Das RKI hat in einem aktuellen Ranking der wichtigsten Infektionskrankheiten erstmals die HCV-Infektion vor der HIV-Infektion platziert. Daraus lässt sich für die Behandlung der Drogenabhängigen lernen, dass eine erhöhte Behandlungsaktivität der HCV-Infektion bei Drogenkonsumenten erst dann einsetzt, wenn die Gefährlichkeit der Erkrankung über das öffentliche Bewusstsein bis in die Sphäre der Medizin vorgedrungen ist.

? Nach Ihrer langjährigen Erfahrung in der Behandlung Drogenabhängiger, glauben Sie, dass es einmal eine Gleichbehandlung und Akzeptanz von Drogenabhängigen in der Gesellschaft geben kann?

Dreh- und Angelpunkt für solch eine Veränderung wäre die Aufhebung der Prohibition. Sie stellt die Basis der Stigmatisierung und Ungleichbehandlung dar. Sie verwandelt eine Erkrankung in ein kriminelles Geschehen und etikettiert die Erkrankung als moralisches Versagen.

Das Festhalten an der Prohibition speist sich heute aus mehreren Quellen: Zuerst das evangelikale Milieu in den USA, aus dem viele Angehörige der politischen Eliten stammen. Die puritanische Lustfeindlichkeit und die puritanische Leistungsvergötterung hat sich im stigmatisierten Drogenabhängigen eine Selbstvergewisserung des eigenen höheren Wertes geschaffen. Die zweite große religiös gespeiste Quelle der Prohibition ist der Islam mit seiner Verdammung des menschlichen Rauschzustands jenseits von religiöser Ekstase. Als dritte Quelle der Prohibition fungiert die kommunistische Ideologie mit ihrer Fixierung auf den "neuen Menschen", der in gesellschaftlich wertvoller Leistung aufgeht. Trotz des realen Untergangs dieses Gesellschaftsmodells wirkt diese Erziehungsideologie weiter als stigmatisierendes Ideal in den ehemals kommunistischen Ländern, die eine gnadenlose Verachtung für Heroinabhängige entwickelt haben. Es wird also schwer, gegen diese 3 irrationalen Kräfte mit rationalen Argumenten anzugehen. Es wird deshalb ein langer und mühseliger Weg dorthin.

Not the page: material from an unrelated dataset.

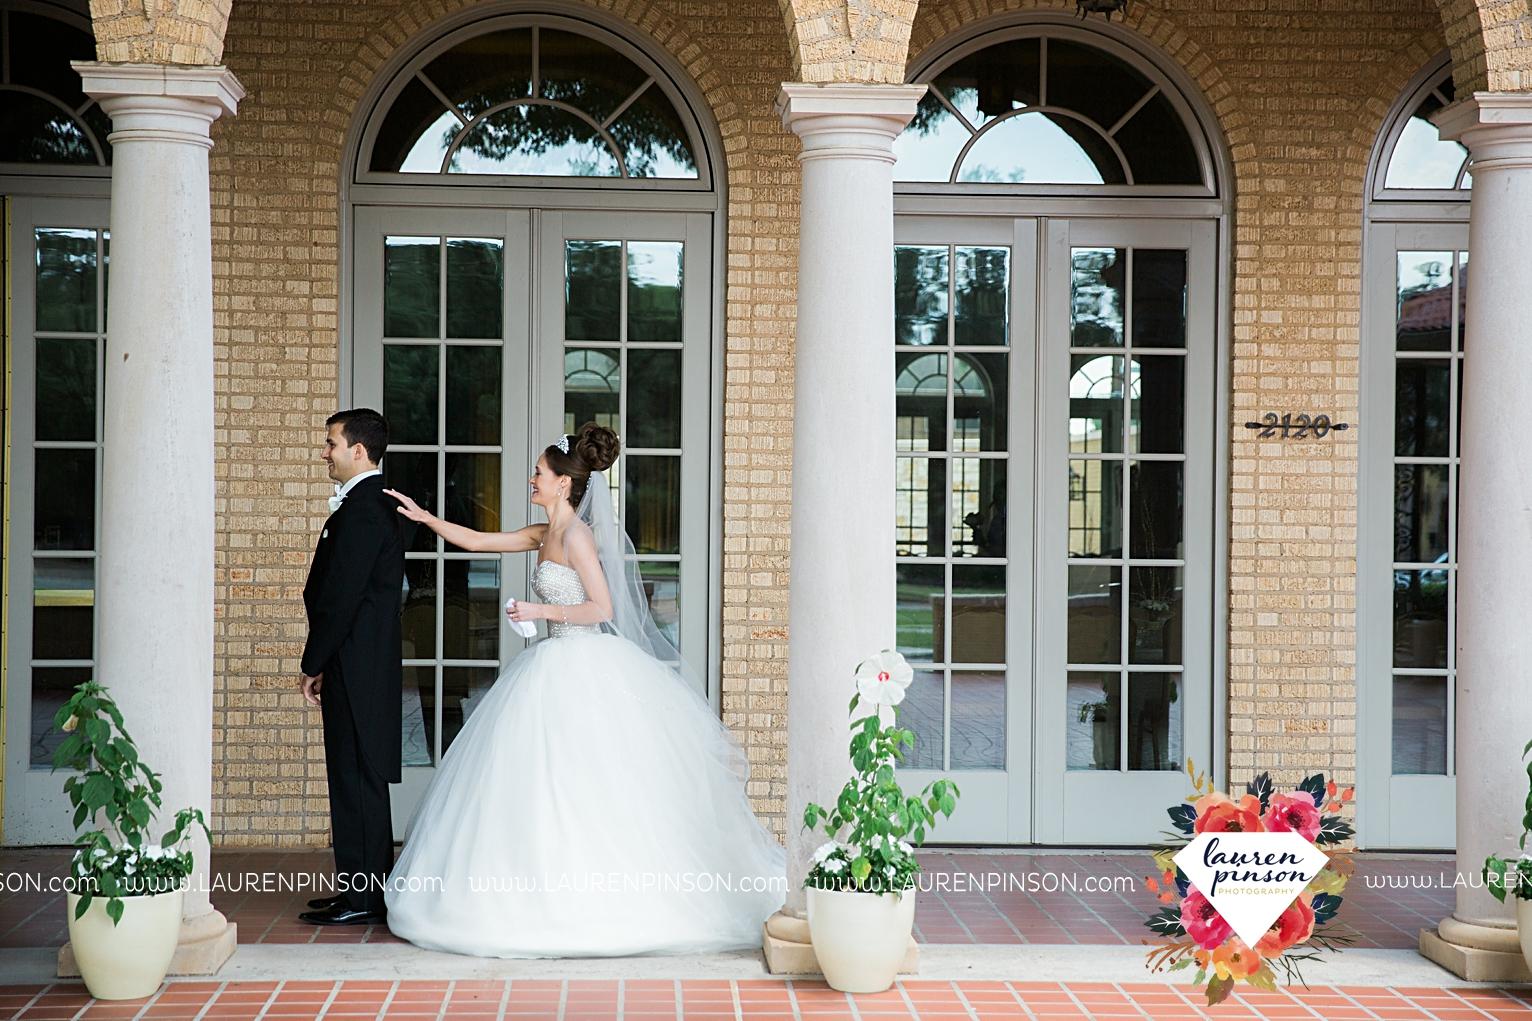 wichita-falls-texas-wedding-photographer-the-forum-by-the-kemp-mayfield-events-ulta-gold-glitter_2821.jpg

Für die europäischen Länder wäre ein erster Schritt in Richtung eines rationaleren und menschlicheren Umgangs die Befreiung von den amerikanischen Illusionen, wie der einer drogenfreien Welt bis 2010. Wie lange die Zeiträume für eine Entstigmatisierung Drogenabhängiger sind, kann man an dem 25-jährigen Kampf um die Substitutionsbehandlung und dem fast 10 Jahre dauernden Kampf um die Heroinabgabe in Deutschland ermessen. Allerdings sind beide Entwicklungen auch ein Beleg dafür, dass das Bemühen um Entstigmatisierung auf Dauer von Erfolg gekrönt sein wird.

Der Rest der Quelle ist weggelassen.